# Exotic plecos



## Community90 (Jan 22, 2011)

Looking for a species of pleco that I could order from a store that is exotic. Id prefer to keep the price below $35. Right now I have gold nugget and snow ball on my mind for about $30 each. Just wondering if there are some others I could think about equally as beautiful.


----------



## Homer (Sep 6, 2010)

gold nugget is my favorite and if i had the money to buy a $35 fish would make it the gold nugget pleco.


----------



## blindkiller85 (Jan 8, 2011)

Green Phantom Pleco or L-200.

Had one but the (&*@!$Y(@#*$ petstore had ich.

This is what mine looked like.


----------



## Community90 (Jan 22, 2011)

i know I love the gold pleco... I really like this other pleco too though. green phantom. That fish looks very nice as well. Is it any different from a gold nugget in care or size? availability?


----------



## blindkiller85 (Jan 8, 2011)

Check planet catfish for specifics, I know there are a few pleco's that require something different from the rest.

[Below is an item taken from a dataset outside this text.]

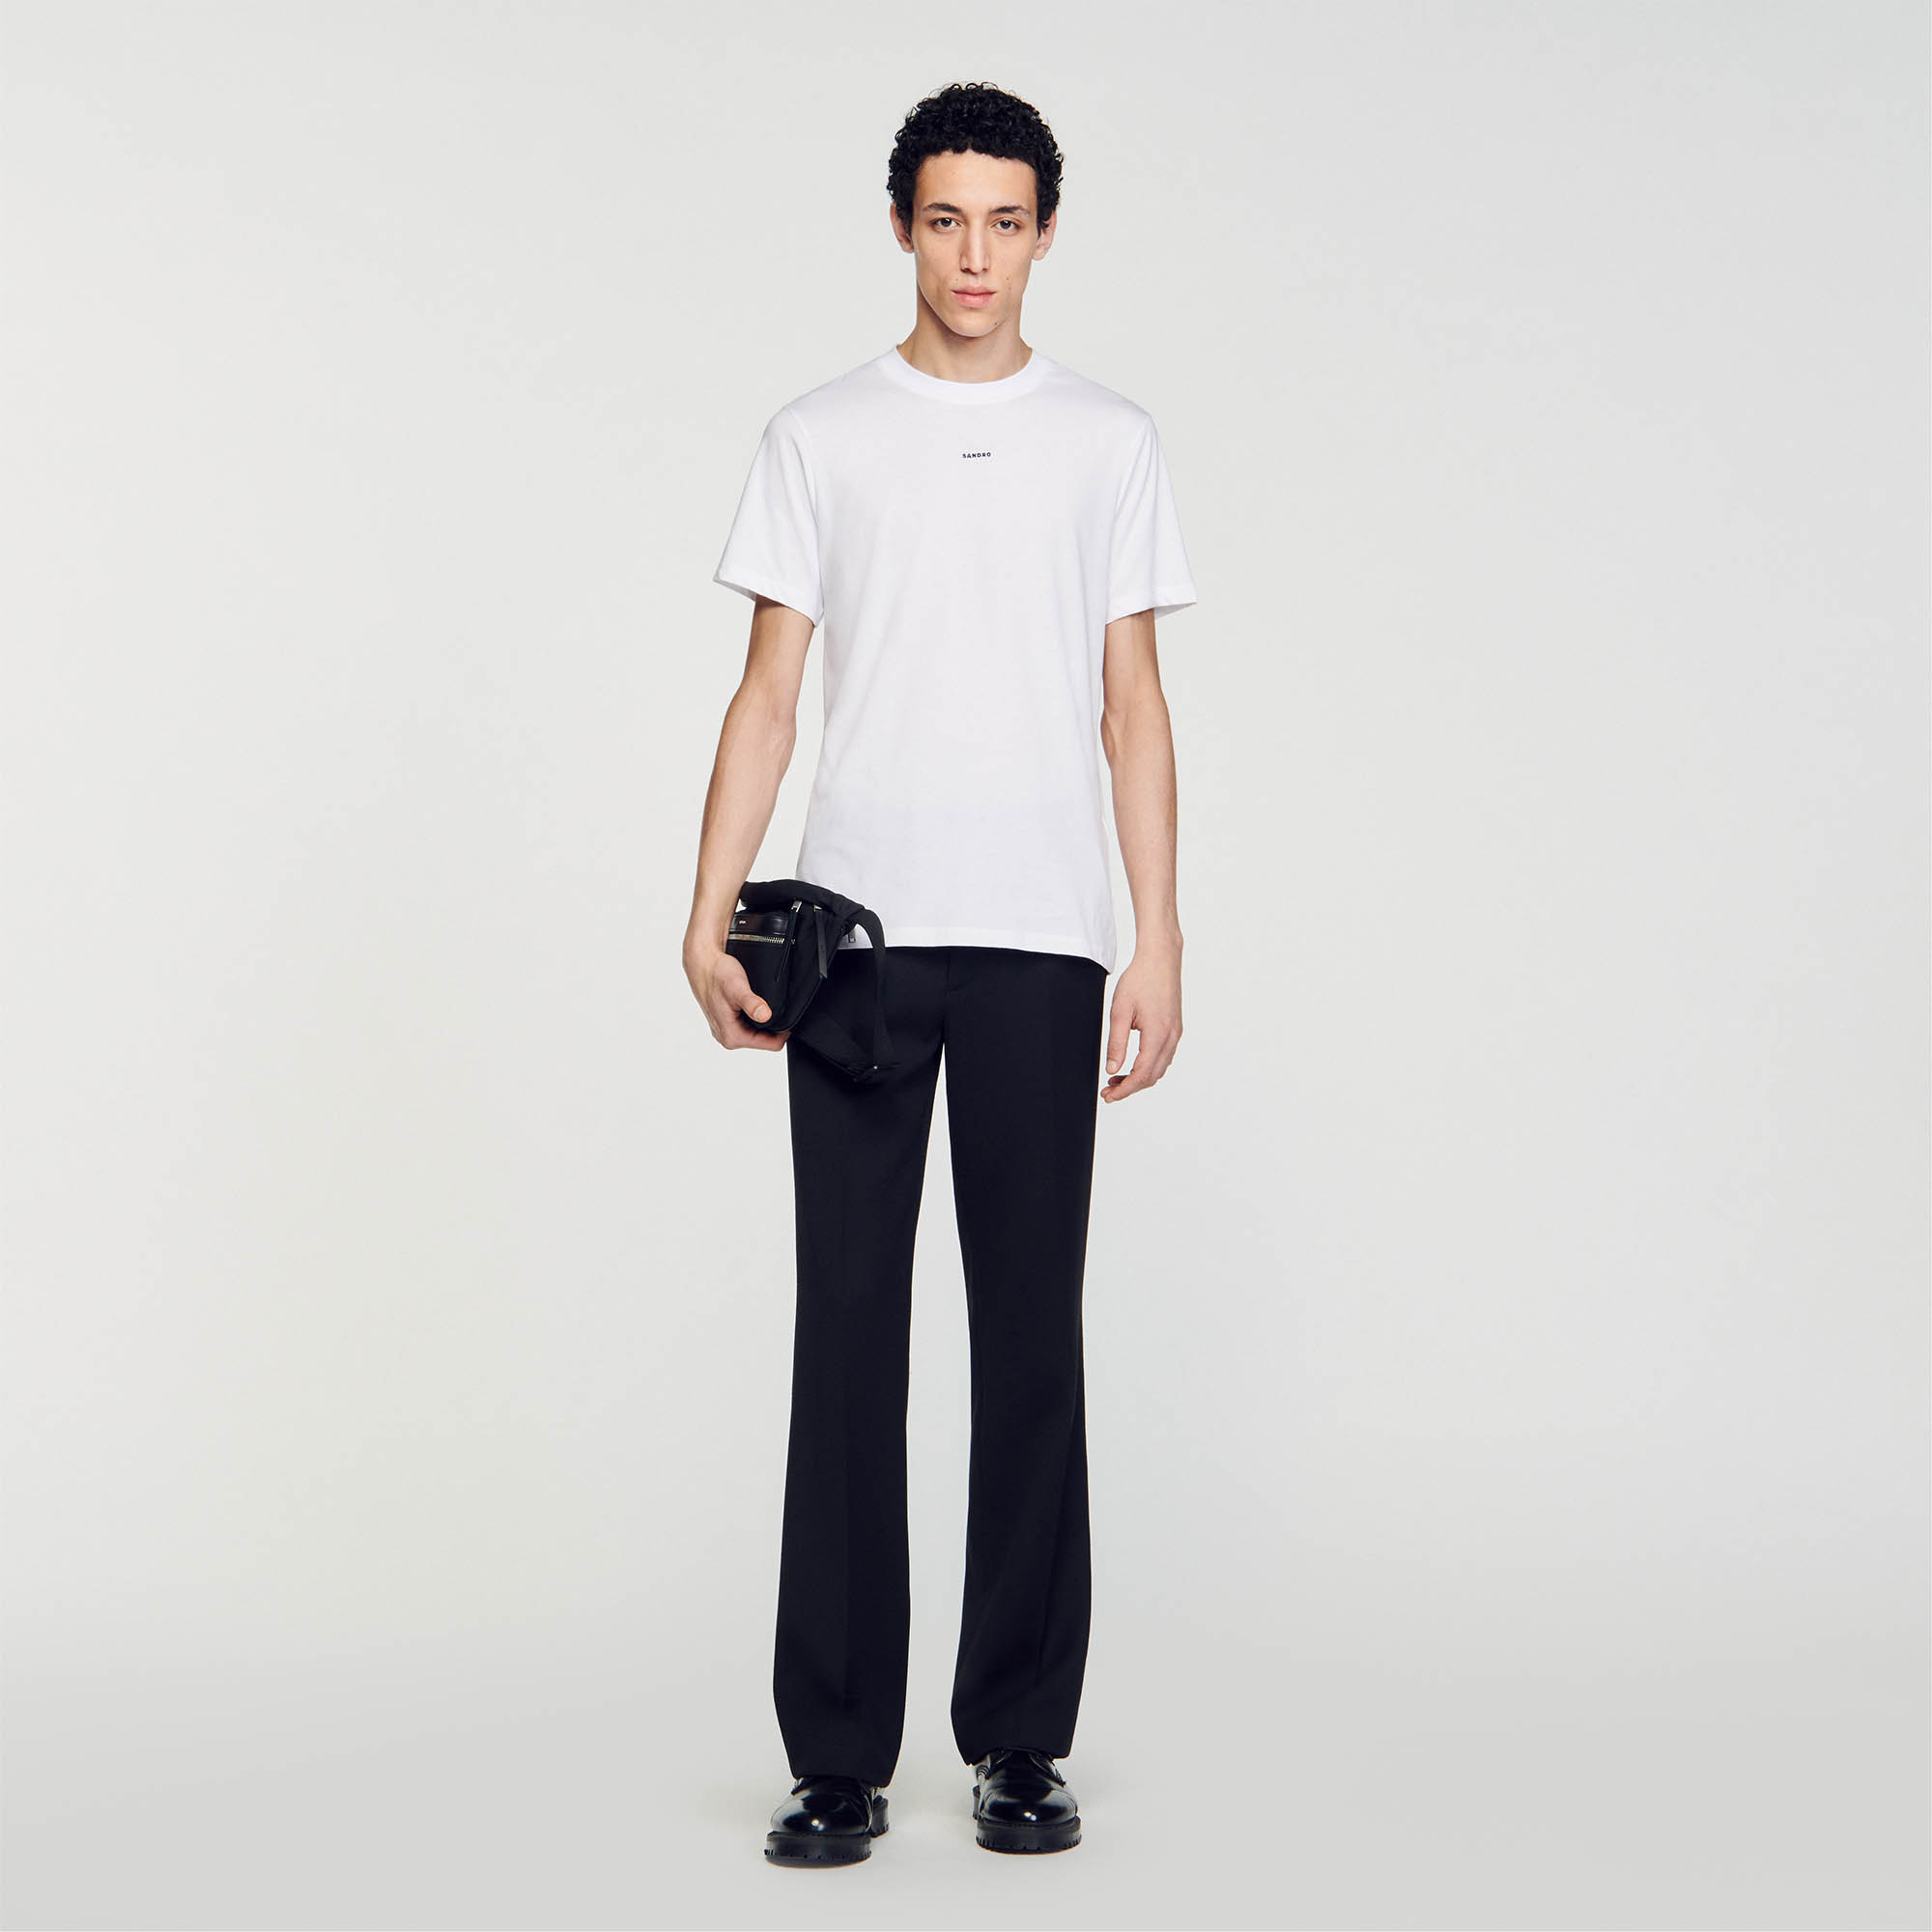 Sandro cotton Rib: T-shirt with a round neck and short sleeves decorated with Sandro embroidery

Mass majority though, driftwood, water, food - veggies and or wafers.


----------



## Community90 (Jan 22, 2011)

wow thats a great site thanks


----------



## lohachata (Jan 27, 2006)

try www.aquabid.com in the plecostomus section..all kinds of awesome pleco species there...


----------



## Revolution1221 (Apr 20, 2010)

if your looking to get one at a lfs likely your not going to find a real exotic species there for that cheap besides maybe a clown or a bristle nose pleco. not very exotic or rare but its not something your going to find at your everyday big chain store and they are still very affordable and cool looking.


----------